Relative chromosome Y expression (Ry) shown as a function of age for 12 cancer studies from The Cancer Genome Atlas. The figure shows tumor (black) and normal samples (blue). Samples with loss of chromosome Y (LOY), obtained from genotype intensity data, are shown in red triangles. Samples with extreme downregulation of chromosome Y gene expression (EDY) (green triangles) are those with low values of Ry relative to samples with no chromosome Y losses or gains. Although EDY and LOY status overlap, numerous individuals are observed with LOY but no EDY, particularly those with high values of Ry. Normal samples consistently have high Ry values across studies.
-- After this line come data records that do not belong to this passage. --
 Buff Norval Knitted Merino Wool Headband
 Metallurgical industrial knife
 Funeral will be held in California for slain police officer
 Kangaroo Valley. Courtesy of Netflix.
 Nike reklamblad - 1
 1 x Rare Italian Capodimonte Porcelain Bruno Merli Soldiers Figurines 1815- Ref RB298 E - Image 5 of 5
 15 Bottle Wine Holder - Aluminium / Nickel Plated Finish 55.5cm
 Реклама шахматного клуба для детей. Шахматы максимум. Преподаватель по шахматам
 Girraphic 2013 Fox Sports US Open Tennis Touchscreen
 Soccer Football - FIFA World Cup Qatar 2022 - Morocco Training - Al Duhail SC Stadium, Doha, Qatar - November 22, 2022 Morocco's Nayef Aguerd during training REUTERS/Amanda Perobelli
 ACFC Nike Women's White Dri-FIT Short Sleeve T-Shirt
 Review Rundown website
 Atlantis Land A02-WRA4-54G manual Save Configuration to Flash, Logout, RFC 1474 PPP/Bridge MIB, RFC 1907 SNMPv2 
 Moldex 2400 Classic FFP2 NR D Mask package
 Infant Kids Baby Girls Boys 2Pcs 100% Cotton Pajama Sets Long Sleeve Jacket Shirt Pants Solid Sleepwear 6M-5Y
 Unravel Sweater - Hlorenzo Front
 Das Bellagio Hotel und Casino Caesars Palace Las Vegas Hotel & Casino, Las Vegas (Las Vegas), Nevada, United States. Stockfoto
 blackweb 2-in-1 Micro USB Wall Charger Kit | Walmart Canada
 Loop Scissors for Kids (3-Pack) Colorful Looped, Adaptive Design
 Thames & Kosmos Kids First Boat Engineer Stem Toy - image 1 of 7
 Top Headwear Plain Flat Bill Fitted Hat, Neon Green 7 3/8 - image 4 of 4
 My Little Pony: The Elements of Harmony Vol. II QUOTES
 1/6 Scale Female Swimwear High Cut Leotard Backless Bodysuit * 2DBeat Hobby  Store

Transcriptome-wide analyses in tumor samples revealed that the transcription levels of DDX3Y, EIF1AY, KDM5D, RPS4Y1, UTY, and ZFY were statistically significantly downregulated across all 12 cancers. Their joint downregulation explained 89% of EDY’s variability and 88% of LOY’s variability (Supplementary Figure 3, available online). Interestingly, these genes have four remarkable features. First, they are located in pairs in three distant regions of the nonrecombinant region of Y (NRY) (Yp11.31: from Mb 2.7 to Mb 2.9 / Yq11.21: from Mb 15.0 to Mb 15.6 / Yq11.22: from Mb 21.8 to Mb 22.9), suggesting that they may share regulatory elements. Second, the genes encode proteins with important functions in cell cycle regulation: helicase (DDX3Y), translation initiation (EIF1AY), histone demethylation (KDM5D and UTY/KDM6C), transcriptional activation (ZFY), and ribosomal assembly (RPS4Y1). Third, these genes have homologs (DDX3X, EIF1AX, KDM5C, KDM6A/UTX) on the X chromosome that escape X-inactivation. And fourth, male-biased loss-of-function (LoF) somatic mutations have been found in four of the X chromosome homologs of these genes across many cancers (26). In line with this last feature, we observed that LoF mutations in the four X chromosome homologs co-occurred with LOY (OR = 3.59, 95% CI = 1.57 to 8.18, P = .002) and EDY (OR = 2.82, 95% CI = 1.32 to 6.01, P = .007) during cancer.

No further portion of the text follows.